Ego-Optimierung versus Weltverbesserung?

von Brigitte Jäggi, Rektorin

Vielen Menschen gefällt ihr Spiegelbild nicht. Ihnen genügt offenbar nicht, was ihnen von der Natur mitgegeben wurde. Und was kann man dann tun? Optimieren! Muskeln lassen sich aufbauen, ohne oder eher mit Präparaten, aber auch Lippen lassen sich aufbauen – mit Implantaten. Einige sind auch nicht zufrieden mit ihrem intellektuellen Leistungsvermögen – also steigern sie ihre Konzentration und Denkfähigkeit durch Hirndoping.

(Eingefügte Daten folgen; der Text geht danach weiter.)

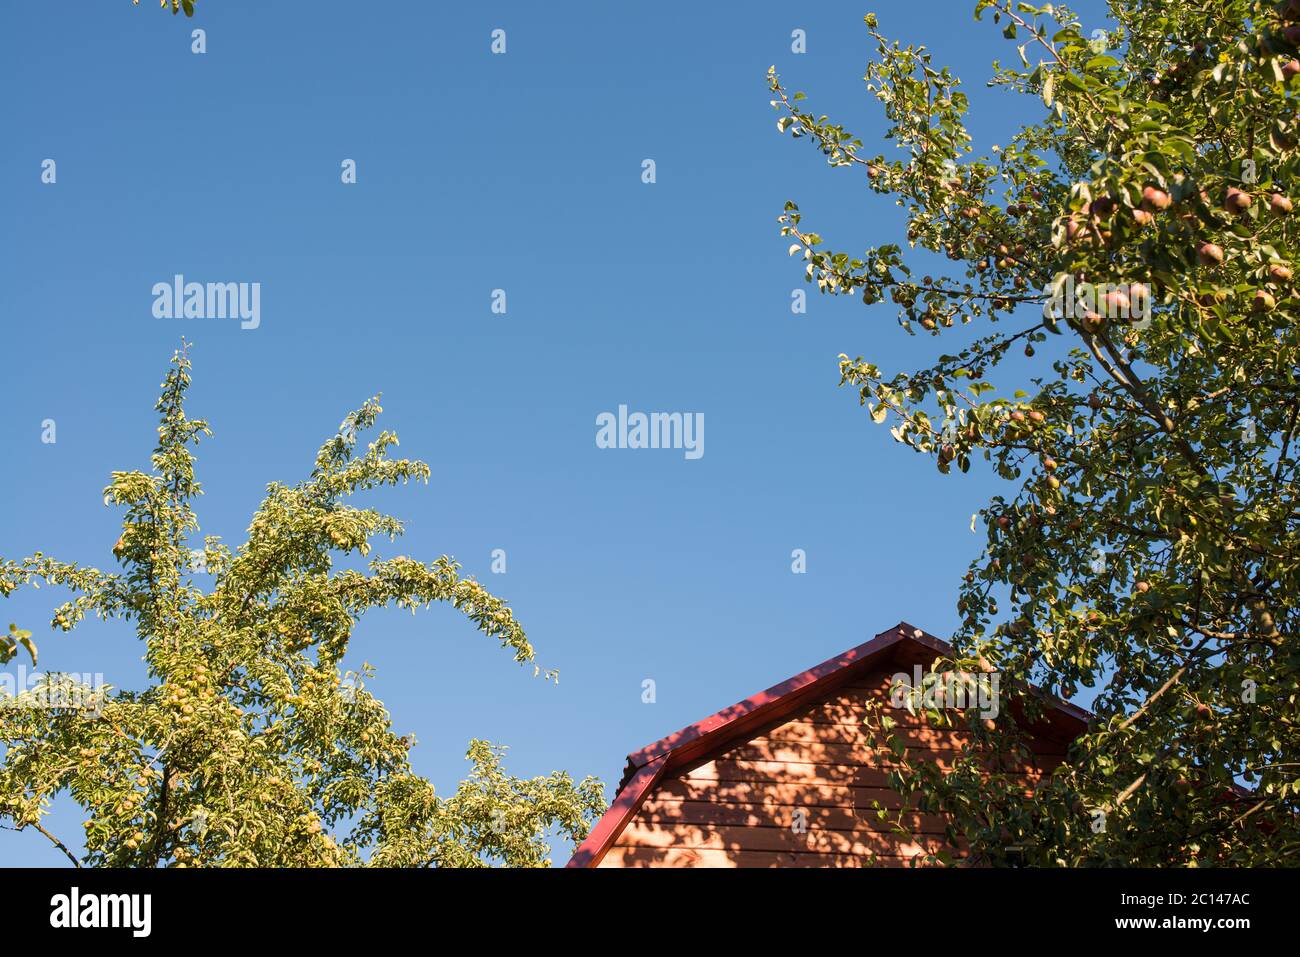 ripe pears hanging on a tree branch on the background of the house roof and deep blue sky Stock Photo

Der Drang zur Verbesserung der gegebenen Lebensumstände ist im Grunde ein positives Phänomen: Wäre er nicht vorhanden, lebten wir noch auf den Bäumen oder wären längst ausgestorben. Daher: Ego-Optimierung ist urmenschlich.

Brigitte Jäggi (Foto: Nu)
Brigitte Jäggi (Foto: Nu)

Aber ist damit das menschliche Potential an Verbesserung ausgeschöpft? Gibt es nicht mehr zu tun, was über die eigene verschönerte Nasenspitze hinausreicht? Denken wir beim Spott-Preis des trendigen Kleidungsstücks an den Lohn der Näherin in Bangladesh? Wissen wir, dass in jedem Smartphone ein Stück Kinderarbeit steckt? Schmeckt uns umweltgerecht produzierte Nahrung nicht besser, auch wenn sie teurer ist?

Was für Fragen! Fragen, die nicht nur Jugendliche beschäftigen, sondern auch an unserer Schule thematisiert werden. Im Unterricht, in den interdisziplinären Projekten und im Selbstlernsemester werden diese und viele andere Fragen in ihrer ganzen Komplexität analysiert. Dabei geht es nicht darum, dass die Lehrperson den Lernenden alles präsentiert, sondern dass die Lernenden zu selbständigem Denken und eigenverantwortlichem Handeln befähigt werden.

Und niemand kann etwas dagegen haben, wenn diese Befähigung in der Summe aller Entscheidungen einen kleinen Beitrag zur Weltverbesserung leistet – mit aufgepumpten Muskeln und Lippen oder ohne.